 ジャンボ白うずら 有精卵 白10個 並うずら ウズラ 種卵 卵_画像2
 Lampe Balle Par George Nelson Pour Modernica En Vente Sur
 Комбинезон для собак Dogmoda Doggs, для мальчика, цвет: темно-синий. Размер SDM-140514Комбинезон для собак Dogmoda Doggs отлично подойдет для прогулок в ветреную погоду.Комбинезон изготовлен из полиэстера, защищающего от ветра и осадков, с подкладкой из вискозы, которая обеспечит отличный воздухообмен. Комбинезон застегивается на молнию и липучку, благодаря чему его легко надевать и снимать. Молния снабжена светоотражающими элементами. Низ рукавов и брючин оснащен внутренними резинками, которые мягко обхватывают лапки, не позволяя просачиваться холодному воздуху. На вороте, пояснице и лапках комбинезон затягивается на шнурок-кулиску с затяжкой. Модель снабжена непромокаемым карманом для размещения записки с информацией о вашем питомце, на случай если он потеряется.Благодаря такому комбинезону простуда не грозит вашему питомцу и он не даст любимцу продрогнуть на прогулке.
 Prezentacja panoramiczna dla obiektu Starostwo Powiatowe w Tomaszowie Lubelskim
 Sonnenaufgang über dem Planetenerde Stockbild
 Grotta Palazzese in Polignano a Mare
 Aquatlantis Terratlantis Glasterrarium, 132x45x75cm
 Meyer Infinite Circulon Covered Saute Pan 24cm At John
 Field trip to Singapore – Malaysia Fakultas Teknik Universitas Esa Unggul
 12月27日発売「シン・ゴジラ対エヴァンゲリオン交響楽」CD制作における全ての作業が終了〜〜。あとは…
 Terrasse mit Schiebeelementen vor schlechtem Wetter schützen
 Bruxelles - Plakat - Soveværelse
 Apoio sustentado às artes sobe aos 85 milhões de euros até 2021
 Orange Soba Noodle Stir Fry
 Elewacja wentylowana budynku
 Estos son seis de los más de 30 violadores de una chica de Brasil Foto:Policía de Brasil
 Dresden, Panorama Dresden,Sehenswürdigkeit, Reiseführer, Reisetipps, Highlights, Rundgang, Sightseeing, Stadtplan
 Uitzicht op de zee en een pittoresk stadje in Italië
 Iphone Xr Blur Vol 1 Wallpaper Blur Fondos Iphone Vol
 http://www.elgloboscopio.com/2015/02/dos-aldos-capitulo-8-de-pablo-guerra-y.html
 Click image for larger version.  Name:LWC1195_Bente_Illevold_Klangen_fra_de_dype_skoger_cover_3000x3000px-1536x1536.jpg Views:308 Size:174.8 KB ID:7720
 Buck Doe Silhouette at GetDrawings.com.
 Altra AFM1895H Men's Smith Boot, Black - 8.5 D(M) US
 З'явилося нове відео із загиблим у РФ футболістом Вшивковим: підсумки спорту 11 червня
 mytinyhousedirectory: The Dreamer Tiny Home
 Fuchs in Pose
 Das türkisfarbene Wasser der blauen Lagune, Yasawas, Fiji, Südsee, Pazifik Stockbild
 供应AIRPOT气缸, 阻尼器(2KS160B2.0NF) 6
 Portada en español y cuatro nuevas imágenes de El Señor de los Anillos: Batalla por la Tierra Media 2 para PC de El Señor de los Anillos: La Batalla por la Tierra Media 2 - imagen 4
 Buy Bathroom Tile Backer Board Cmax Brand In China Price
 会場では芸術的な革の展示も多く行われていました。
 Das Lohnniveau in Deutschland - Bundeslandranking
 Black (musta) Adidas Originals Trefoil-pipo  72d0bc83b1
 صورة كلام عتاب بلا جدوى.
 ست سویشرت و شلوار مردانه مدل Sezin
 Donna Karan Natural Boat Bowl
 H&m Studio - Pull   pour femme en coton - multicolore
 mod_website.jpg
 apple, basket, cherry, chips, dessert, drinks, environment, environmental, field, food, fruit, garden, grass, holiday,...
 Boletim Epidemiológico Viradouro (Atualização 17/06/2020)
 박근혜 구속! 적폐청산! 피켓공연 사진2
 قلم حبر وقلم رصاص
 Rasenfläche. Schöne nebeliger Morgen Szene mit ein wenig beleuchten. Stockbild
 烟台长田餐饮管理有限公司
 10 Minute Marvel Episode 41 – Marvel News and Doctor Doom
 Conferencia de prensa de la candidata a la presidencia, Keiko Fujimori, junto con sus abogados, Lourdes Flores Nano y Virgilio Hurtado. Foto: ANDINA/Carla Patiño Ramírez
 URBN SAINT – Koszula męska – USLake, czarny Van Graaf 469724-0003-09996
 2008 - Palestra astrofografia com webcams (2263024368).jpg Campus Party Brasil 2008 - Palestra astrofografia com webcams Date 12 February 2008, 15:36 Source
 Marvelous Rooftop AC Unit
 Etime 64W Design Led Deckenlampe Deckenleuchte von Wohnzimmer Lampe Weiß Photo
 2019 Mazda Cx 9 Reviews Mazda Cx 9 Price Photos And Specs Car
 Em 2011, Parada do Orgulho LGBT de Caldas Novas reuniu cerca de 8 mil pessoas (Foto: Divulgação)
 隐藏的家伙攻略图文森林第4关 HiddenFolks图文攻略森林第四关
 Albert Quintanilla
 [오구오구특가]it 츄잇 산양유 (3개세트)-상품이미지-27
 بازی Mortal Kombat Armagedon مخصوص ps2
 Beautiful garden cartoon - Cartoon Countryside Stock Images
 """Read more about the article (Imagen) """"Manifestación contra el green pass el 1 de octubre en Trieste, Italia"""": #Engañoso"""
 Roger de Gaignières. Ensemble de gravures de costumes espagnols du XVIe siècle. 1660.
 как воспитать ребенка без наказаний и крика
^^^^
EXERCISE -> Please transcribe exactly the line containing "Beautiful garden cartoon" and every line after it through the end of the records, and nothing else.

RESPONSE AREA ->
 Beautiful garden cartoon - Cartoon Countryside Stock Images
 """Read more about the article (Imagen) """"Manifestación contra el green pass el 1 de octubre en Trieste, Italia"""": #Engañoso"""
 Roger de Gaignières. Ensemble de gravures de costumes espagnols du XVIe siècle. 1660.
 как воспитать ребенка без наказаний и крика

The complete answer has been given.